Now, comes a piece of C magic: "someone" somewhere defined a macro:
#define SUCCES_OR_RETURN if(!psuccess) return
And the program above becomes (AFTER):
#include<iostream.h>
int fun1(int par1, bool& psuccess)
{
if(par1 == 42) return 43;
psuccess = false;
return -1;
}
int funtoo(int a, bool& psuccess)
{
int t = fun1(a, psuccess);
SUCCES_OR_RETURN -1;
return 42;
}
void funthree(int b, bool& psuccess)
{
int h = funtoo(b, psuccess);
SUCCES_OR_RETURN ;
std::cout << "Yuppi" << b;
}
int main()
{
bool success = true;
funthree(43, success);
if(!success)
{
cout<< "Life, universe and everything have no meaning";
}
}
The question: I am wondering if there is a nicer way to handle this kind of error tracking or I have to live with this. I personally don't like the abuse of the C macro SUCCES_OR_RETURN ie. that once it is called with a parameter, and in other cases it is called without, feels like a real return statement, but I did not find any better solutions to this ancient design.
Please note that due to platform restrictions we have several restrictions, but regardless of it I am willing to hear opinions about these two:
throwing exceptions. The code is a mixture of C and C++ functions calling each other and the compiler sort of does not support throw (accepts in the syntax but does nothing with it, just a warning). This solution is sort of the standard way of solving this problem in a C++ environment.
C++11 features, this goes to a tiny embedded platform with an obscure and ancient "almost" C++ compiler which wasn't made to support the latest C++ features. However for future reference I am curios if there is anything C++11 offers.

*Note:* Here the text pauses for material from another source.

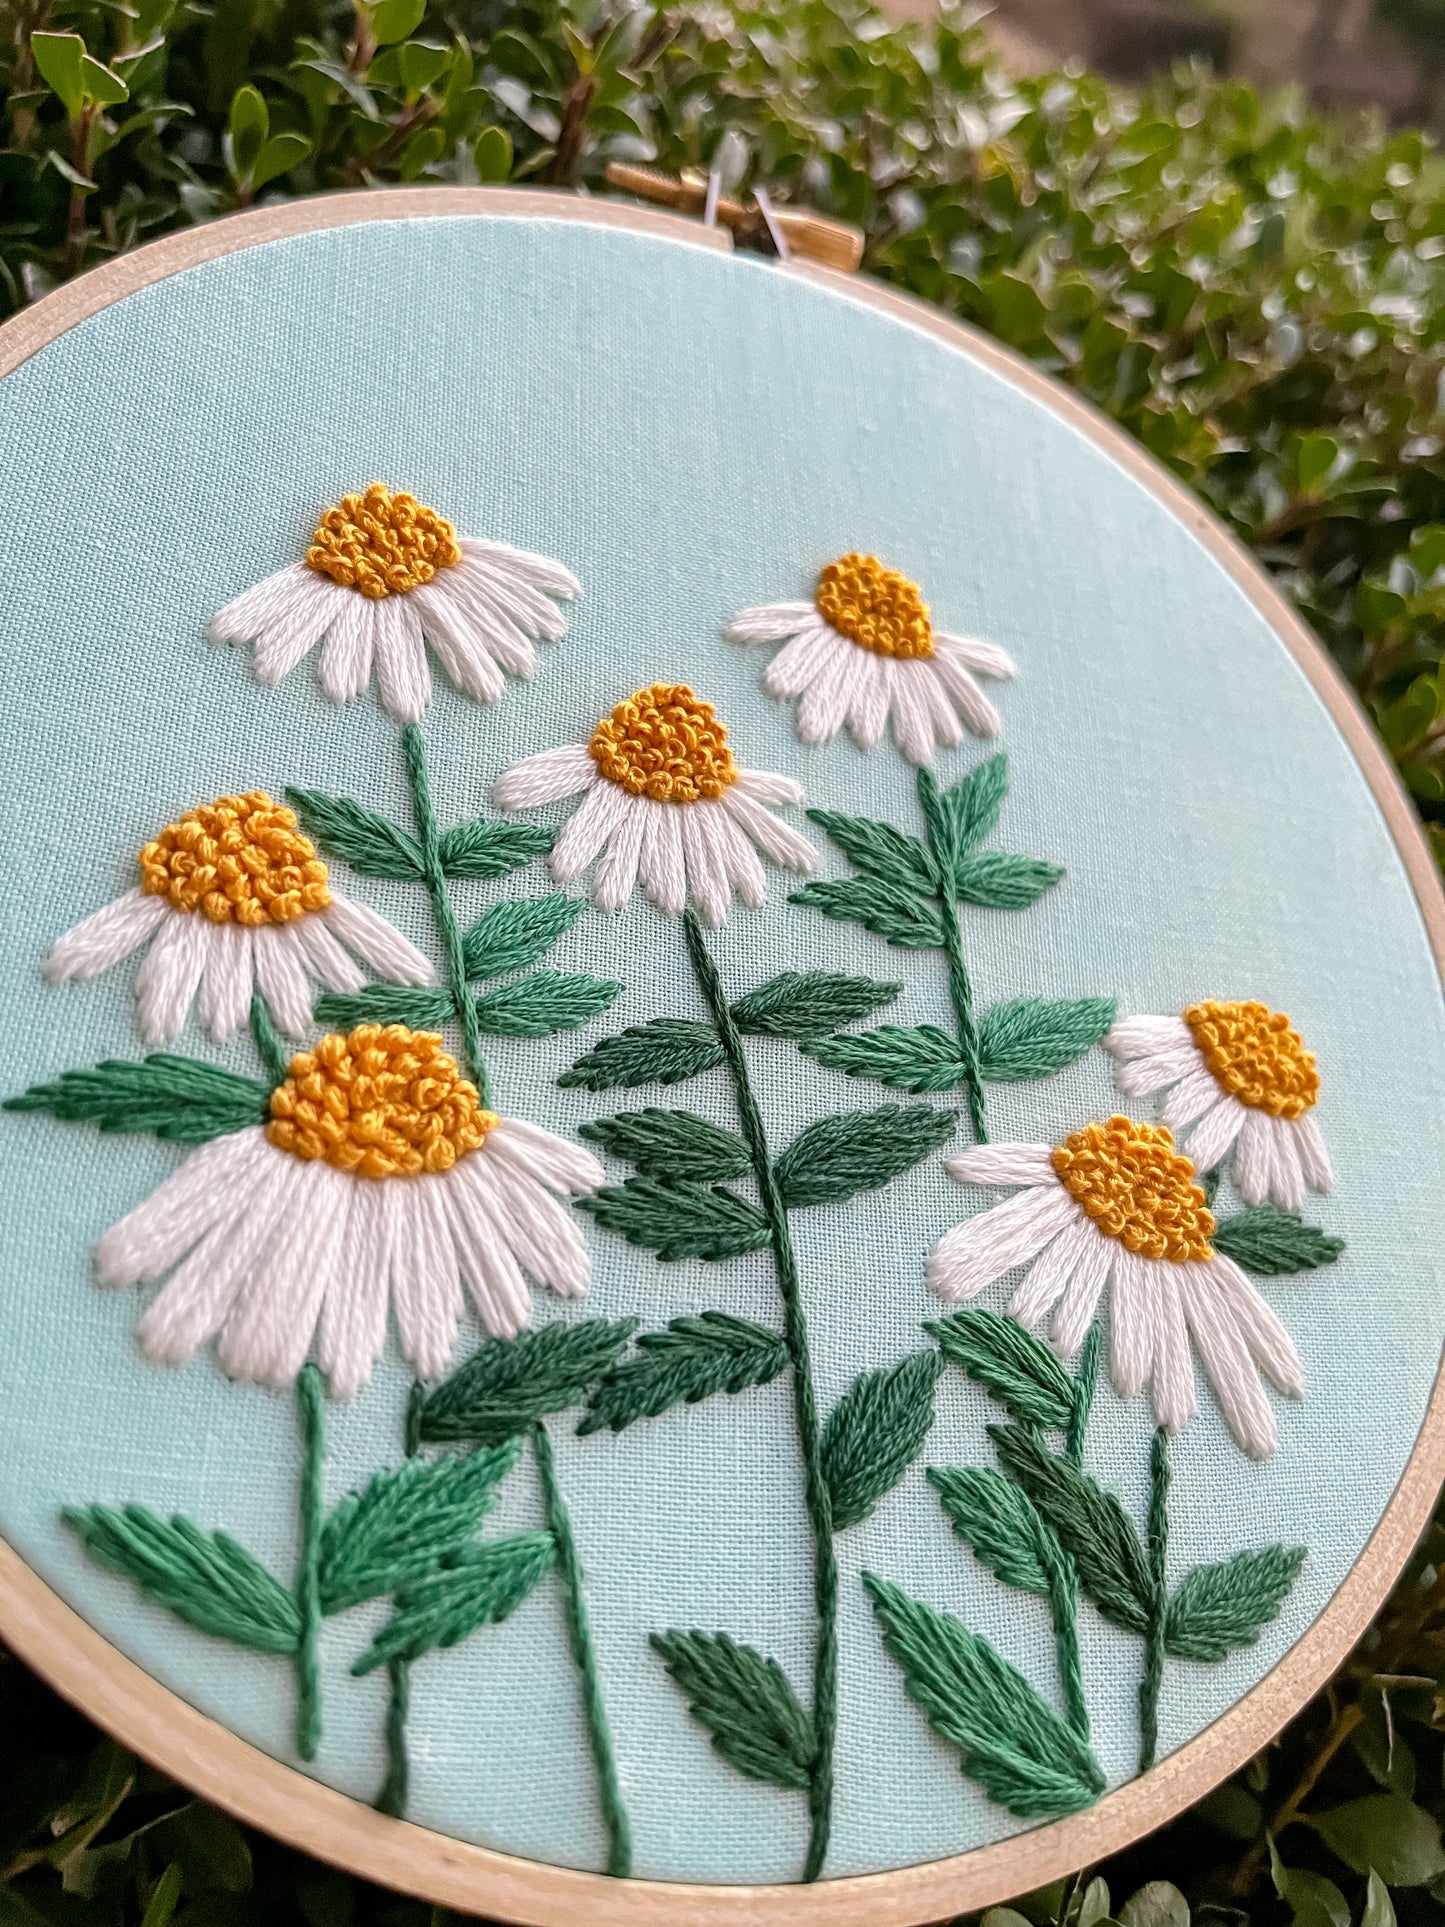 FULL KIT - Daisy Field Florals Kit - DIY Embroidery Kit, Floral Embroidery, Embroidery Pattern

template magic. The compiler has problems understanding complex templated issues, but again I am willing to see any solutions that you can come up with.
Edit
Also, as #BlueMoon suggested in the commend, creating a global variable is not working since at a very beginning of the function chain calling the success variable is a member variable of a class, and there are several objects of this class created, each of them needs to report its success status :)
There's a great breakdown of hybrid C and C++ error handling strategies here:
http://blog.sduto.it/2014/05/a-c-error-handling-style-that-plays.html
To quote the linked article, your options largely boil down to:
Return an error code from functions that can fail.

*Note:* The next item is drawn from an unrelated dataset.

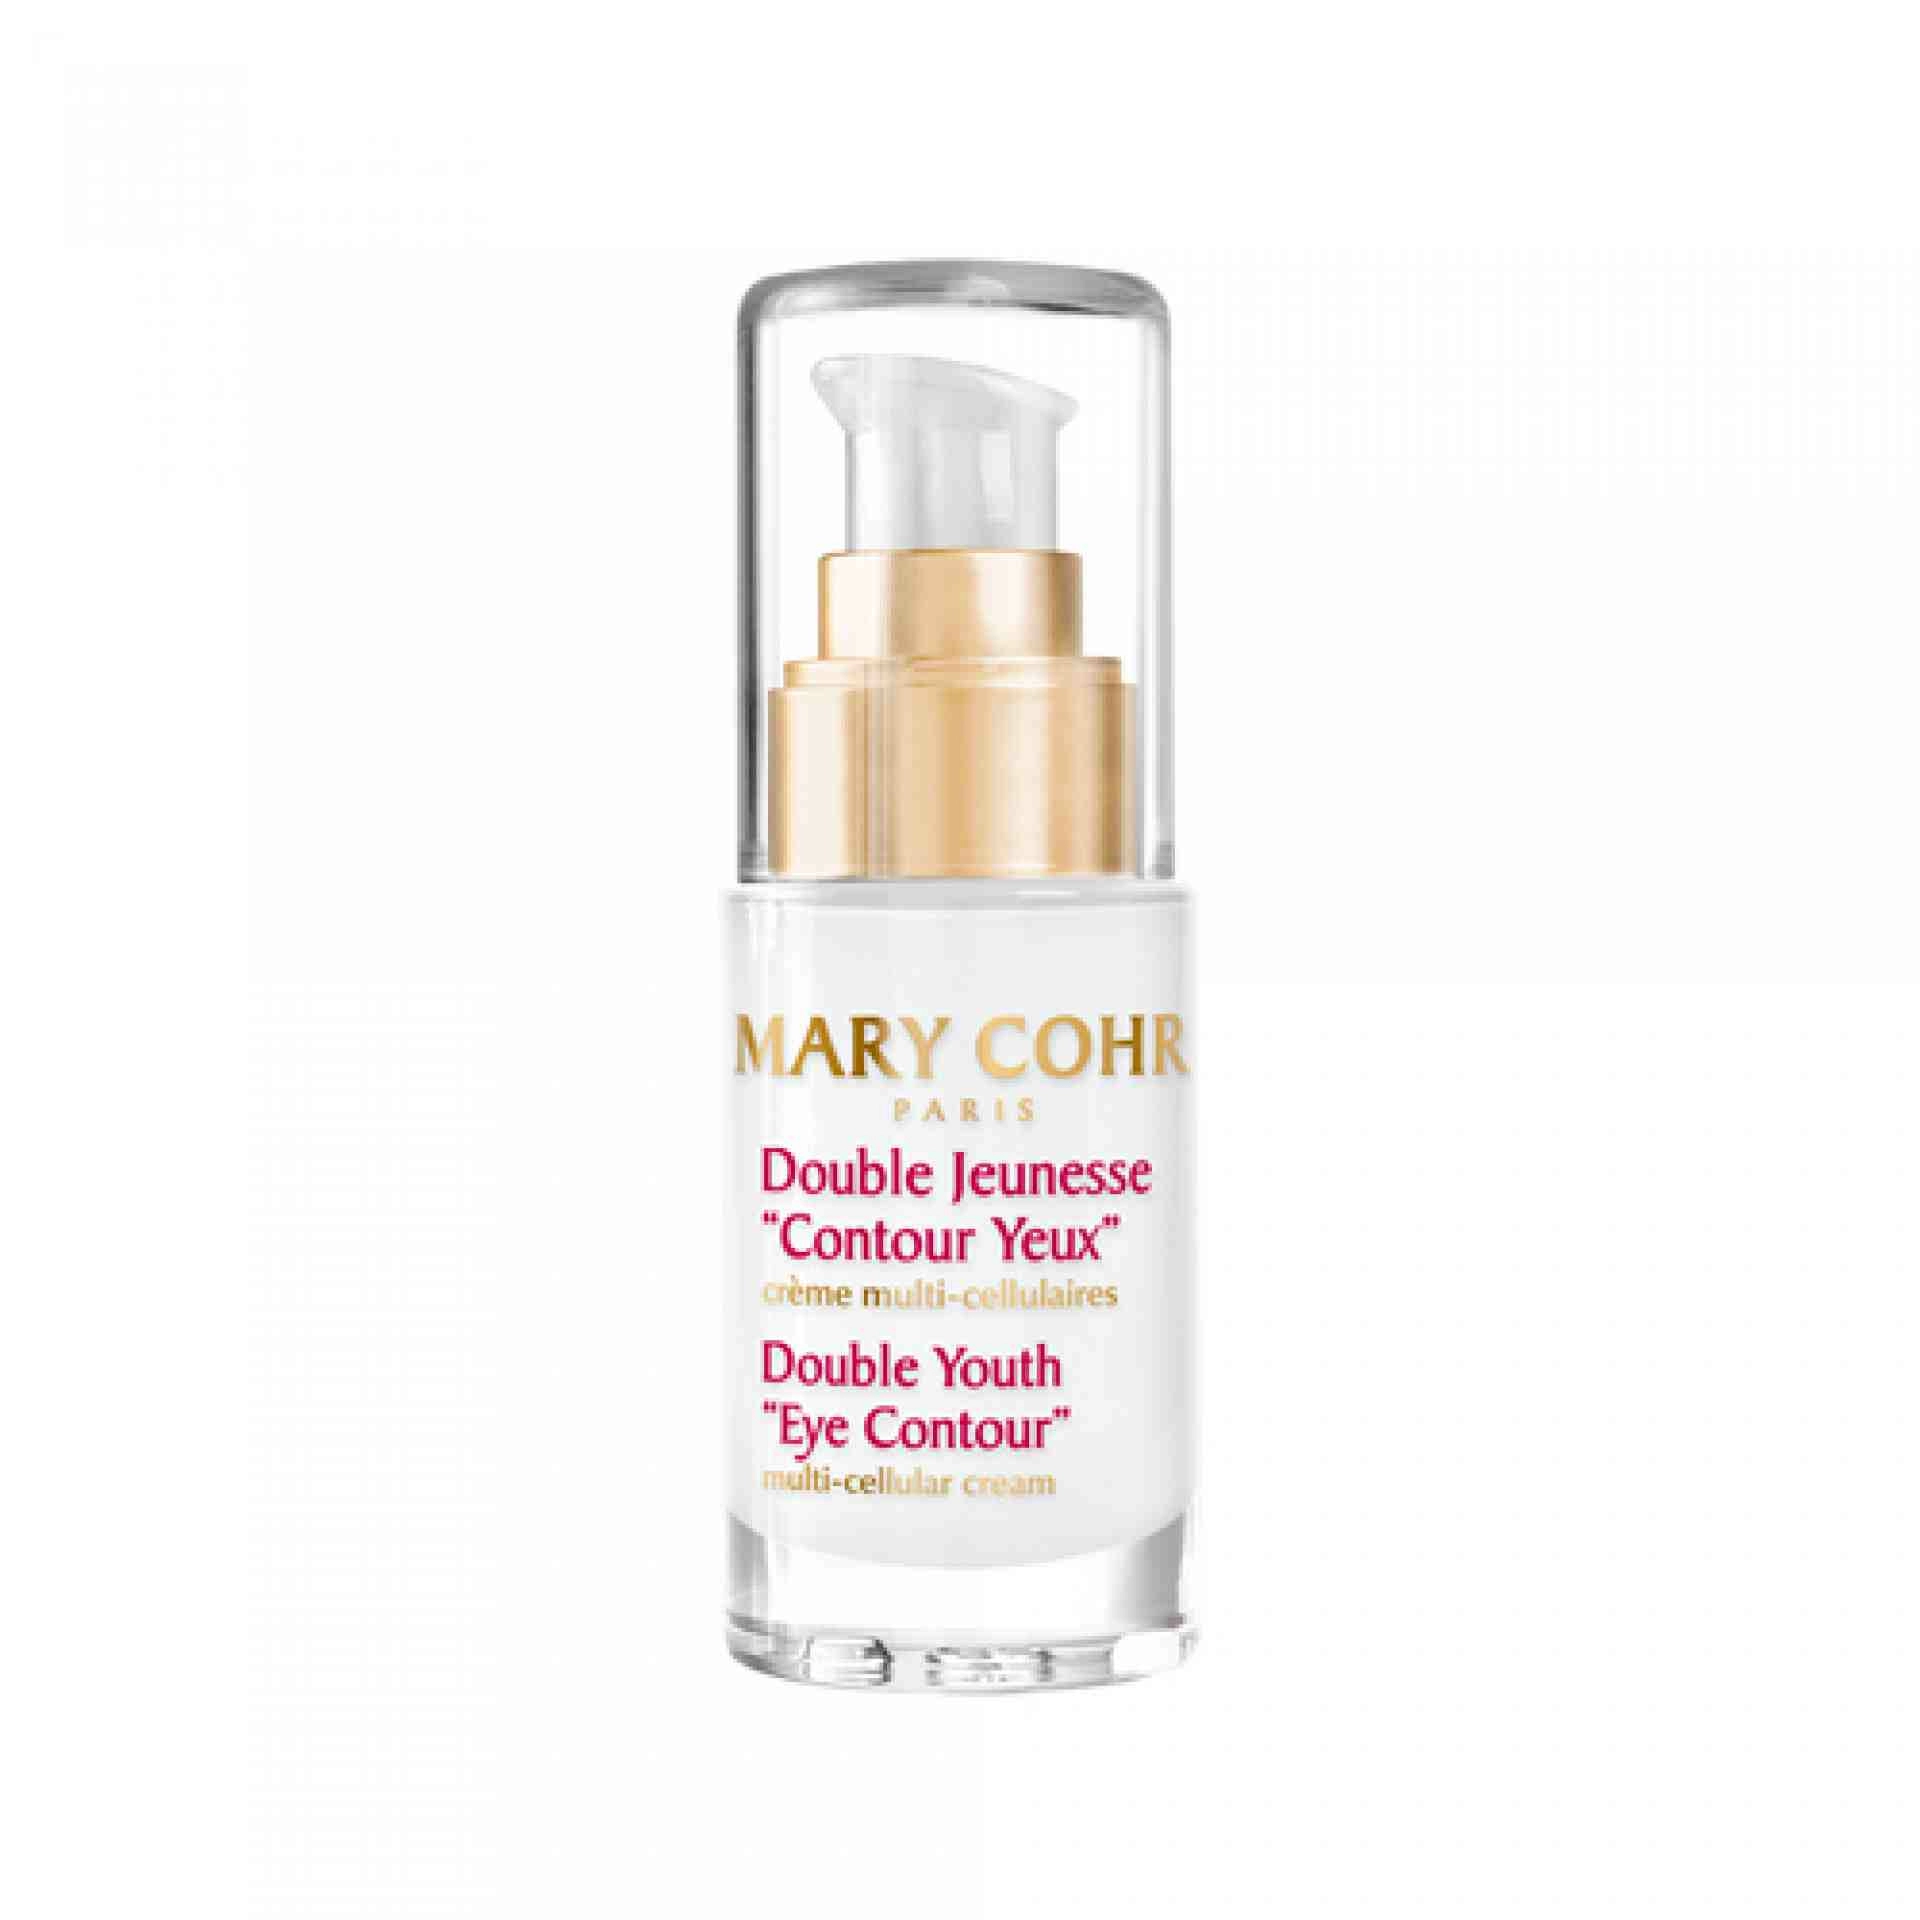 Double Jeunesse “Contour Yeux” I Contorno de Ojos Multicelular 15ml - Mary Cohr ®

Provide a function like Windows's GetLastError() or OpenGL's glGetError() to retrieve the most recently occurring error code.

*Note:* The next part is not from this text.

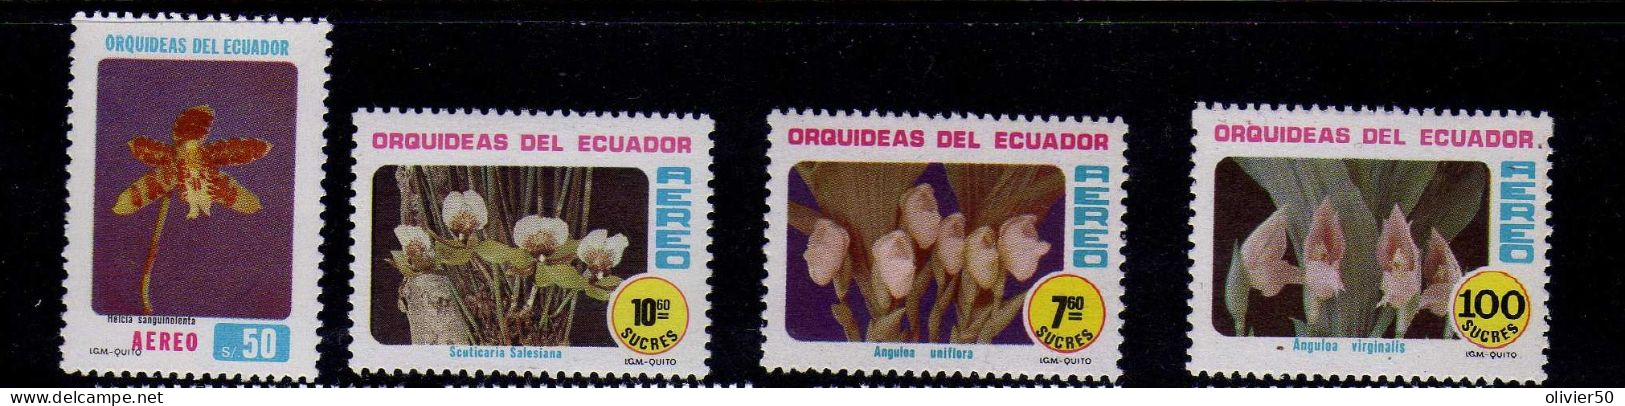 Equateur - 1980 - P A - Flore - Orchidees - Neufs** - MNH - Equateur

Provide a global (well, hopefully, thread-local) variable containing the most recent error, like POSIX's errno.
Provide a function to return more information about an error, possibly in conjunction with one of the above approaches, like POSIX's strerror function.
Allow the client to register a callback when an error occurs, like GLFW's glfwSetErrorCallback.
Use an OS-specific mechanism like structured exception handling.
Write errors out to a log file, stderr, or somewhere else.
Just assert() or somehow else terminate the program when an error occurs.
It seems like the author of the code you have inherited picked a rather strange way, passing a pointer to a boolean [sic] for the function to work with seems rather unusual.
The article has some great examples, personally I like this style:
libfoo_widget_container_t container = NULL;
libfoo_error_details_t error = NULL;
if (libfoo_create_widgets(12, &container, &error) != libfoo_success) {
printf("Error creating widgets: %s\n", libfoo_error_details_c_str(error));
libfoo_error_details_free(error);
abort(); // goodbye, cruel world!
}
Here you get a bit of everything, passed in pointer to error type, a comparison against a success constant (rather than 0|1, a painful dichotomy between C and the rest of the world!).
I don't think it would be too much of a push to say that your macro could rather better be implemented with a goto, in any case, if a function is calling SUCCES_OR_RETURN more than once, it might be a clue that the function is doing too much. Complex cleanup, or return might be a code smell, you can read more here http://eli.thegreenplace.net/2009/04/27/using-goto-for-error-handling-in-c/
I have seen this style of error handling before. I call it error-oblivious manual pseudo-exceptions.
The code flow is mostly error-oblivious: you can call 3 functions in a row with the same error flag, then look at the error flag to see if any errors have occurred.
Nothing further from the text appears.